## Aim of the task:
Pictures aside, reproduce exactly and only the lines below, starting at the one containing "FOTO/VIDEO Potresni prizori" and ending at the last line.

## Information shown:
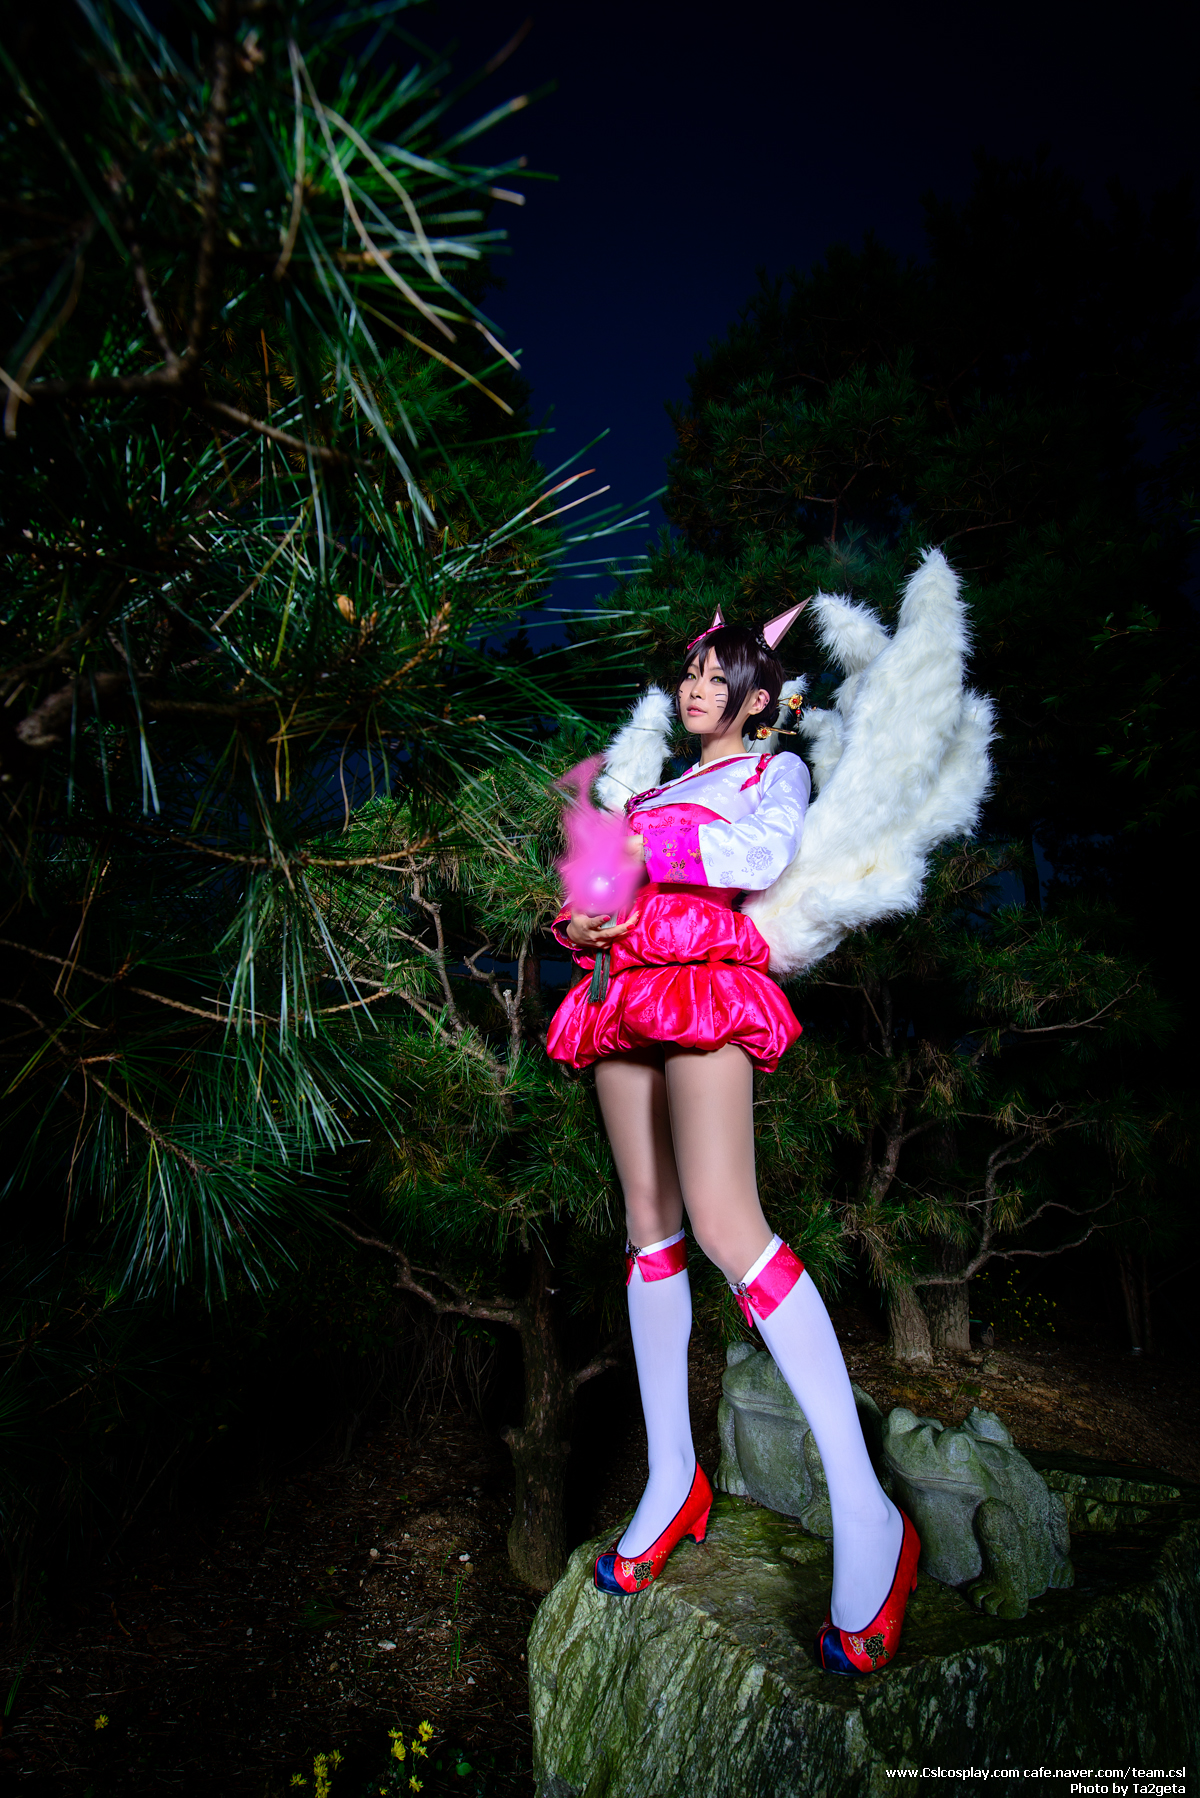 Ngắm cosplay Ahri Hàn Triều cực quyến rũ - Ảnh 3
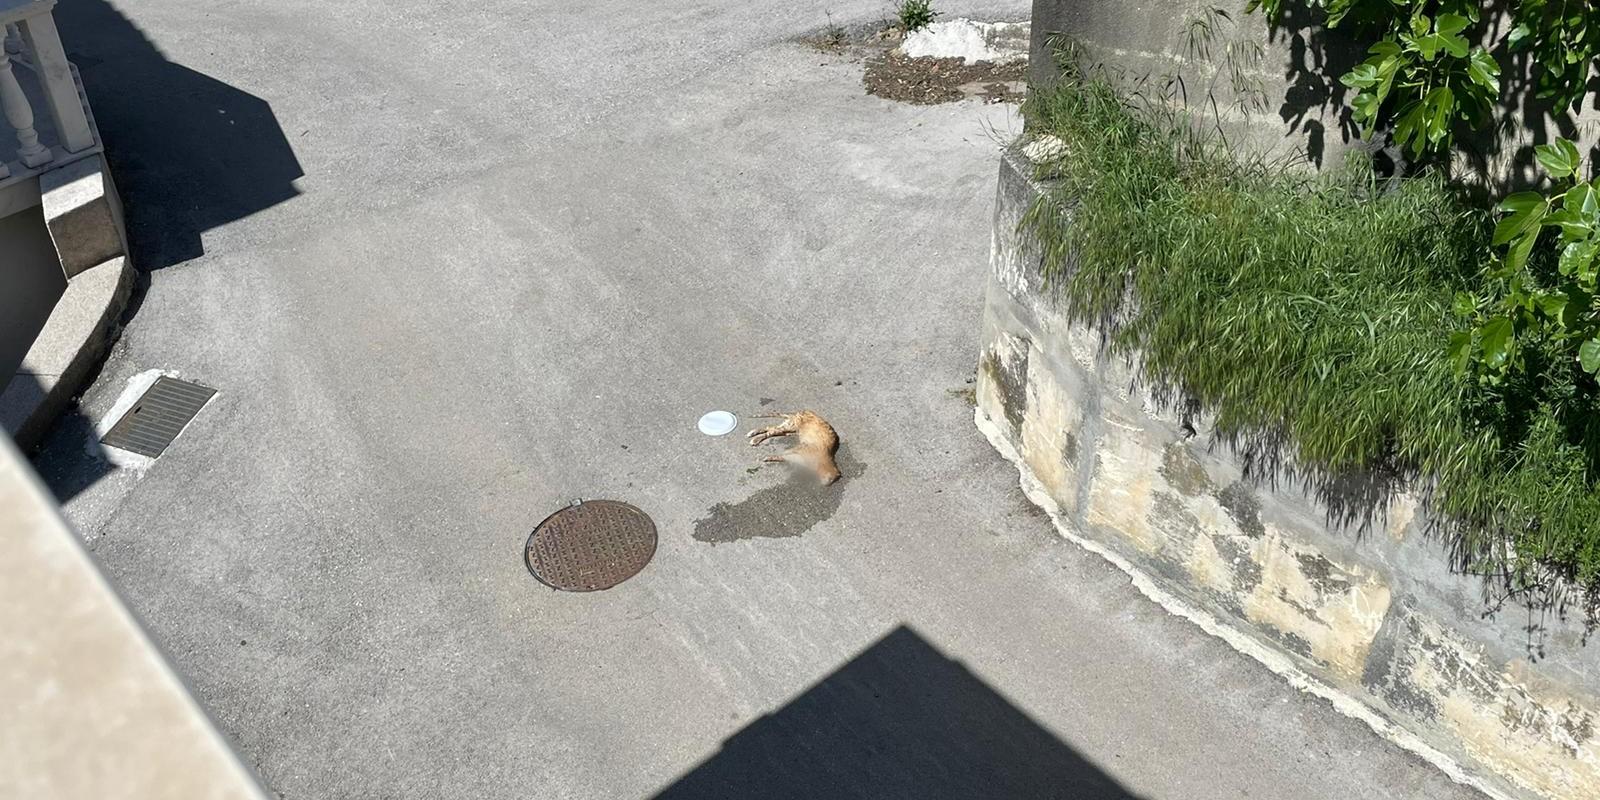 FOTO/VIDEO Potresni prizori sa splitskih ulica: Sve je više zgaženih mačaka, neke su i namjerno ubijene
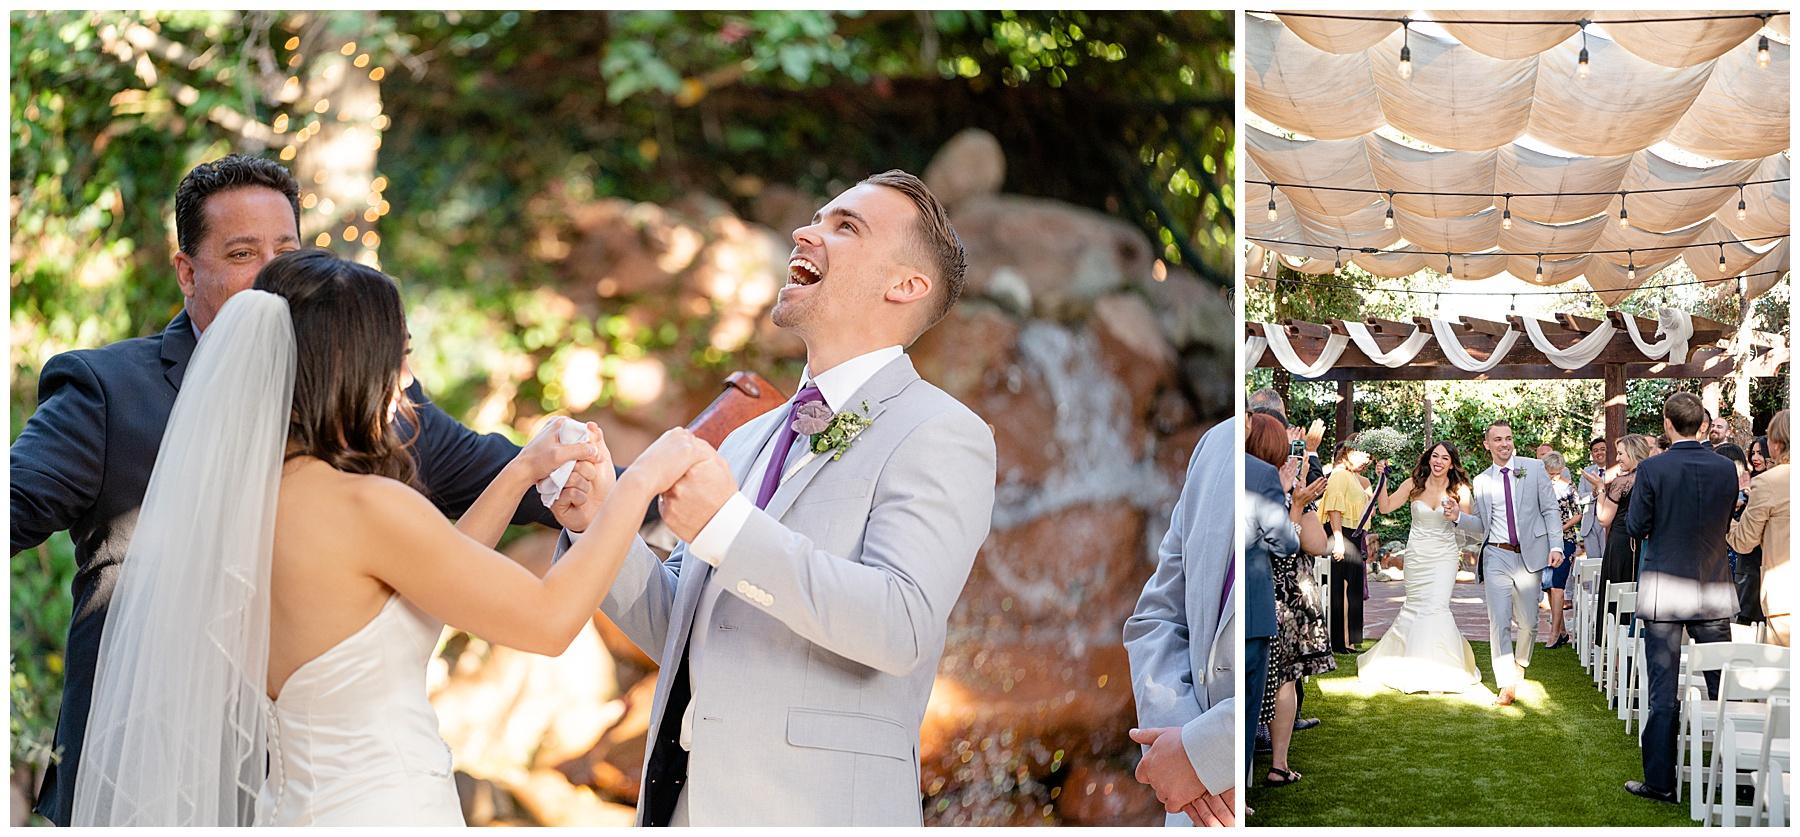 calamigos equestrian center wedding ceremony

## Task answer:
 FOTO/VIDEO Potresni prizori sa splitskih ulica: Sve je više zgaženih mačaka, neke su i namjerno ubijene
 calamigos equestrian center wedding ceremony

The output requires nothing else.